把物理spaper递上去的那一瞬间,突然开始怀疑自己是否清醒。鏖战两年的Alevel就这么地结束了,翘首盼望很久的“解放日”就这么地到来了。卸下一身重担,我感到轻松闲适,但却少了预想中的兴奋激动。旧的生活告一段落,新的又尚未开始,被卡在两者之间,有时候觉得空空的,仿佛生活一下子没有了明确的方向。不过想想,这是种难得的自由,随心所欲支配时间的自由。昨天抬回来几大本珍爱的书,我就像个被宠爱的孩子似的,真的乐坏了。真想把自己扎进书海里,只不过现在还有点心浮气躁罢了。
哈哈,被DM同学一语道破,我买的全是“死了的人写的书”。这个长假最大的心愿就是读读古书,从而使自己站在一个更高,更硬的平台上去欣赏现代人的作品。有时候读到现代作者引用古人的言论,在如饥似渴地吸收这些东西的同时,我又总觉得自己的知识像一个空空的架子,并不是一层一层铺垫起来的。这种“嫁接式”吸收知识的方式让我觉得心虚。所以,我希望自己能够真正读一读古人的名著,慢慢地形成自己的见解。这样一来,再看到别人评引这些东西的时候,便会更有自信。

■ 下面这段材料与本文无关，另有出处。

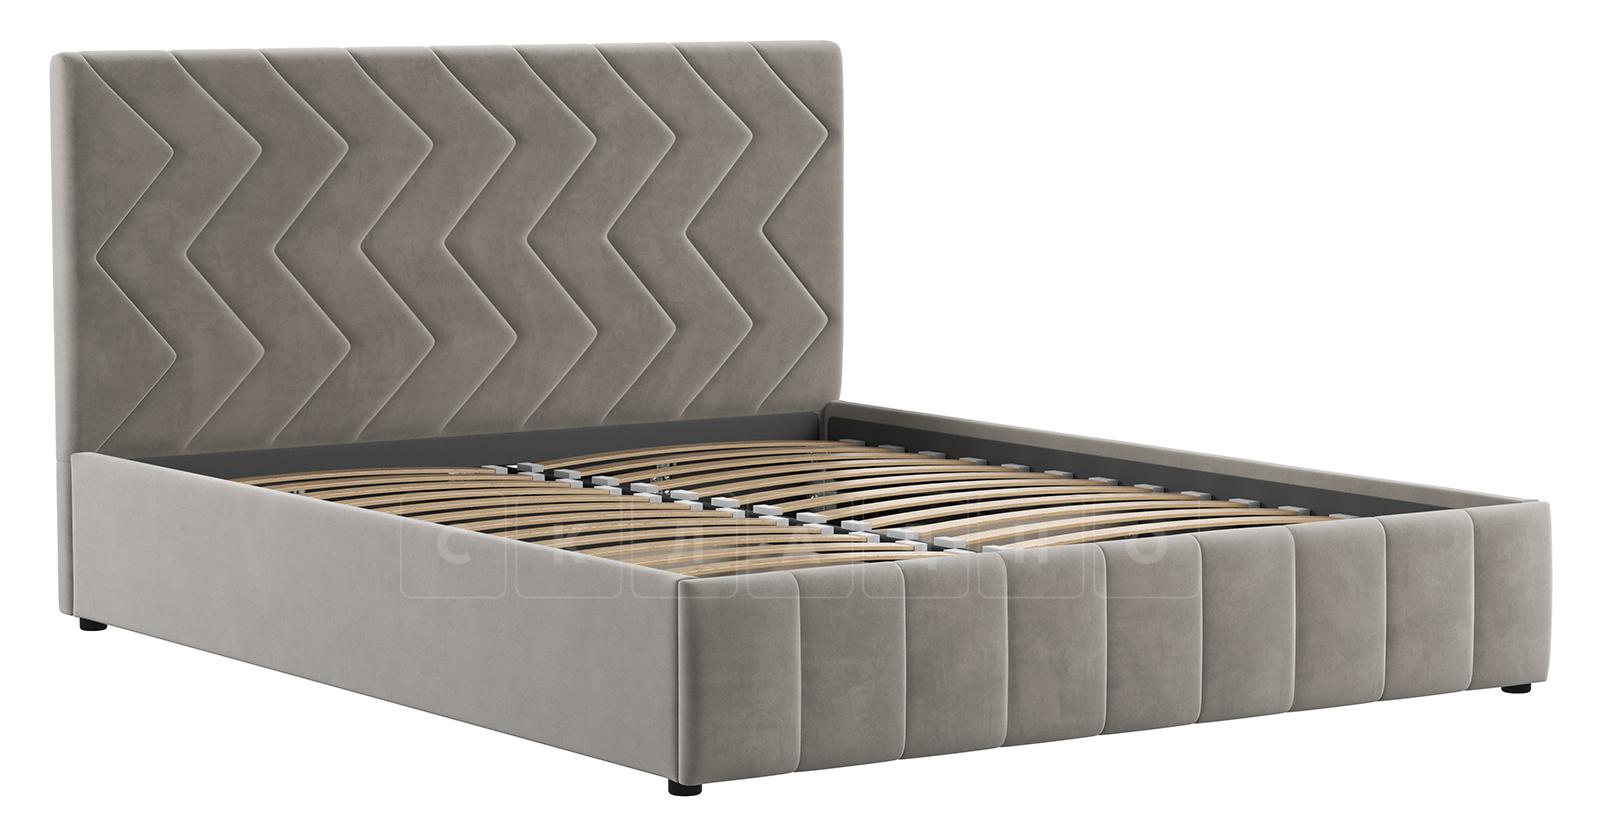 Мягкая кровать Милана 160 см светлый кварцевый серый с подъемным механизмом фото 2 | интернет-магазин Складно

不过昨天疯狂"ransack"borders和kino的恶果就是我可怜的腿!无奈,那里的书摞得像个小山一样高,害我一会蹲下一会站起来地寻觅我的“目标”们。相当于在做着非匀速蹲跳起运动,频率约为一分钟三个,延续4小时有余!!最郁闷的是寻找Republic,那家伙竟然被堆在kino书架的最顶层,害我上上下下瞎摸了半天,最后还是zz爬上梯子“摘”到了那本书。哎,现在只想直愣愣地躺在床上了。

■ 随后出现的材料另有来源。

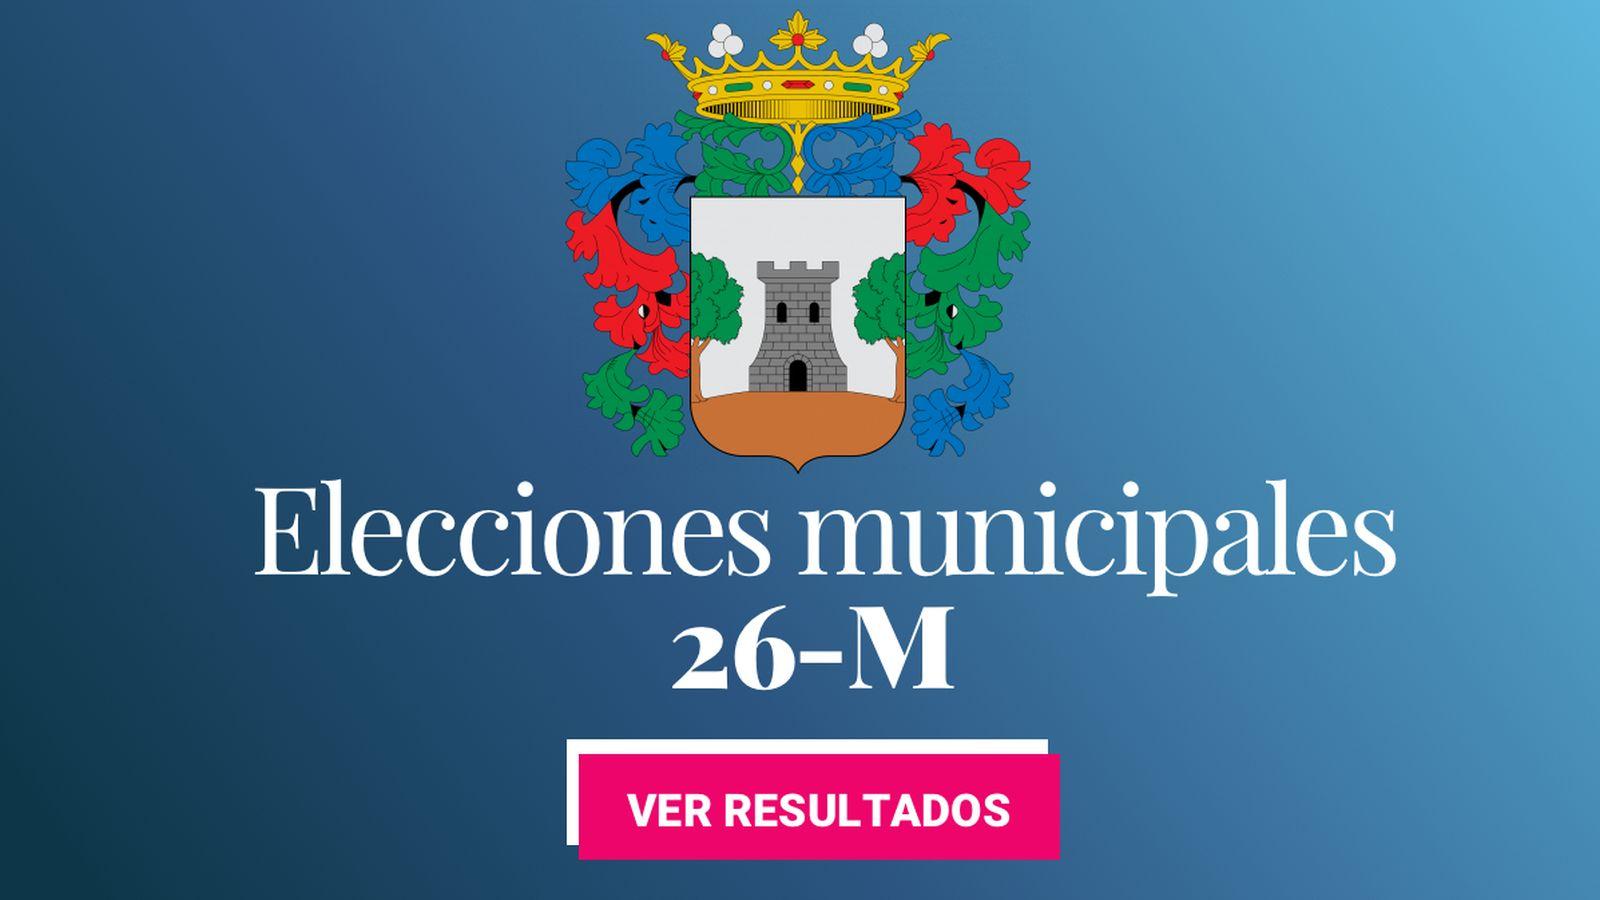 Foto: Elecciones municipales 2019 en Mijas. (C.C./EC)

WZ,我一新加坡的好朋友最近去了北京。他说的好“You want to export books out, and I want to import books in." 其实中国有很多文人写的书都很值得一读,只是英文原著少了些。哈哈,总之明年不用发愁空闲了。
今天下午还看了一部电影,Shawshank's Redemption.看到最后真的被Andy的意志打动了,,残酷的监狱生活没有打消他对自由的渴望。凭借着一把小刀,一幅海报,他逃出了那座压碎了无数希望的牢房。"Hope is a good thing."简简单单的一句话,可是并不是每个人,在每个时刻都能够轻松说出口的。

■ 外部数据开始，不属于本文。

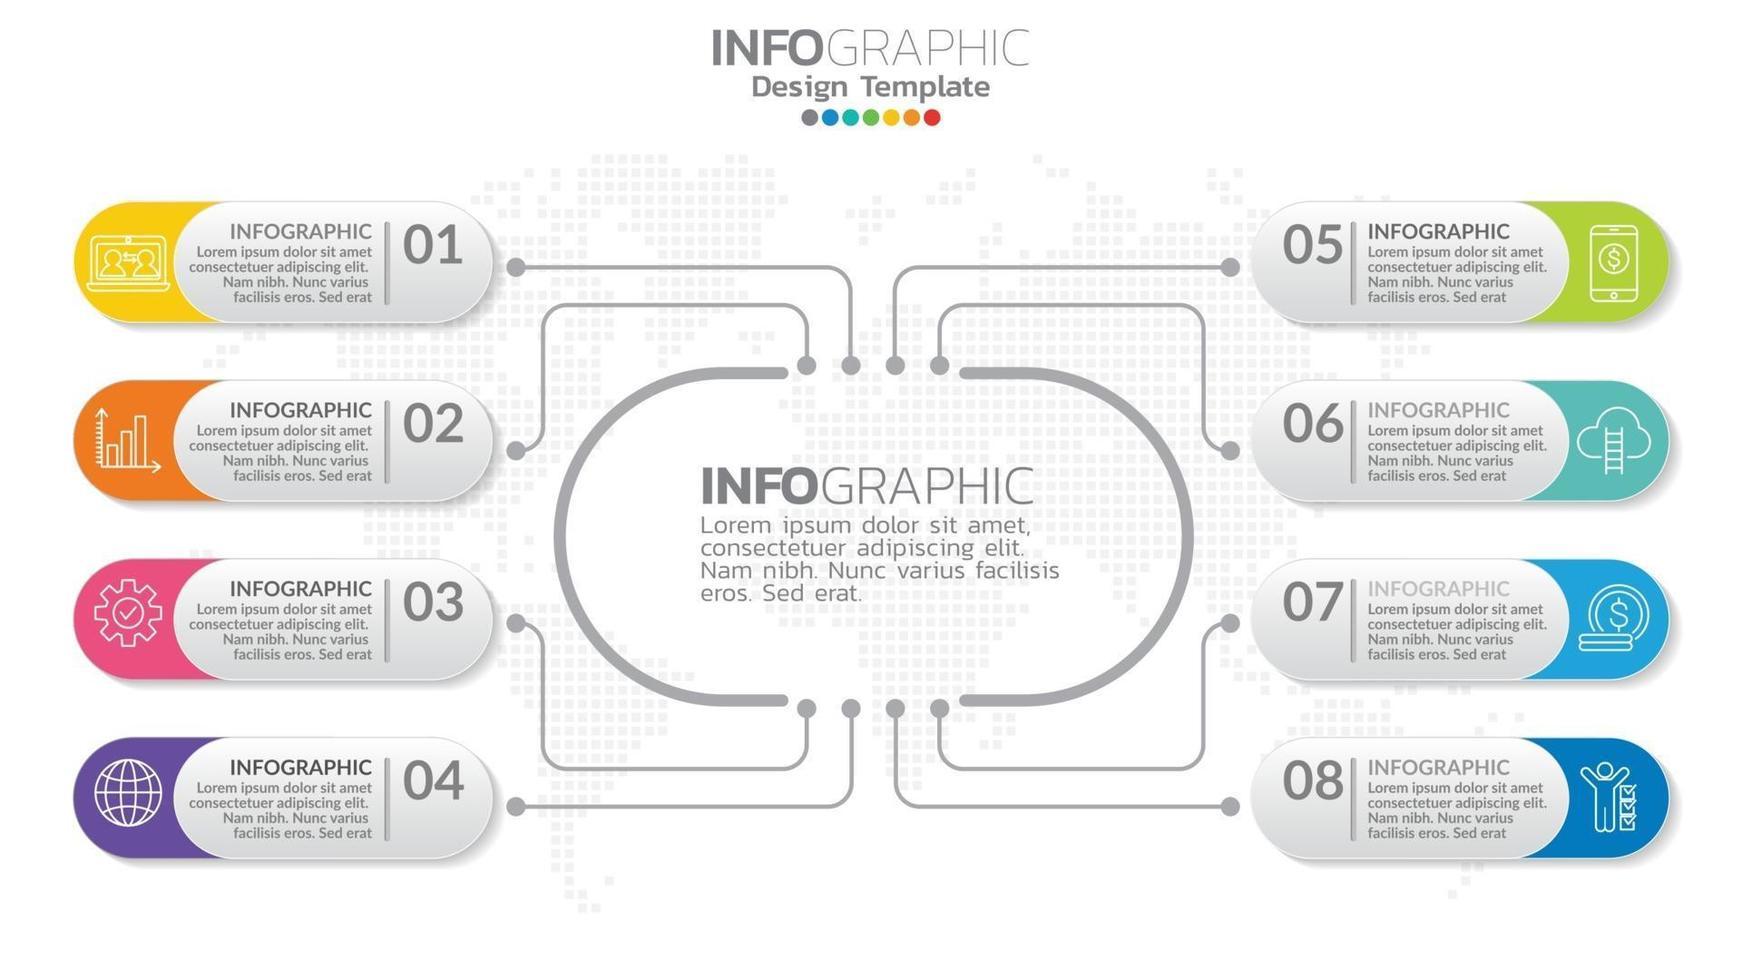 élément infographie 8 avec cercle central. diagramme graphique graphique, conception graphique de la chronologie des affaires avec des icônes. vecteur

最近还看到一则关于世界银行对中国最穷人口的收入调查,结果是“中国的基尼指数去年达到了0.4,高于1981年的0.3”。这就表明中国的贫富差距正在加剧,最穷人的收入不升反降。世界银行驻中国首席经济学家郝福满(Bert Hofman)说,这个发现非常重要。如果情况属实,这将对“水涨船高”的理论带来更多疑问。 中国的富裕人群变得更加富裕是以最贫困的人群为代价的么?又有谁能给出个公正的答案呢?
现在很期盼读到WZ写的北京游记,他说要手写下来寄到我家去。一想到在新加坡认识了这样一个志同道合,十分投机的挚友就觉得很幸福。读着他给我写的长长的邮件(呵呵,尽管长度仍然亚于我给他写的),心里真的很感动。虽然同班两年,平常面对面交流的时间却很少,大概是因为我太忙了,总是每天上学上到一半就“神秘失踪”(多半是去了图书馆)。和他之间是一种很特殊的友谊。见了面说话反而尴尬,但是网上见到了都有说不完的话,聊经济,聊政治,聊新加坡,聊中国,聊自己的到目前为止的人生。呵呵,我每次都会干扰他做作业!这大概就是友谊的真谛吧,不需要刻意维持,不需要担心失去,不需要离别时的依依不舍,因为真正的朋友到哪里都会把对方放在心里。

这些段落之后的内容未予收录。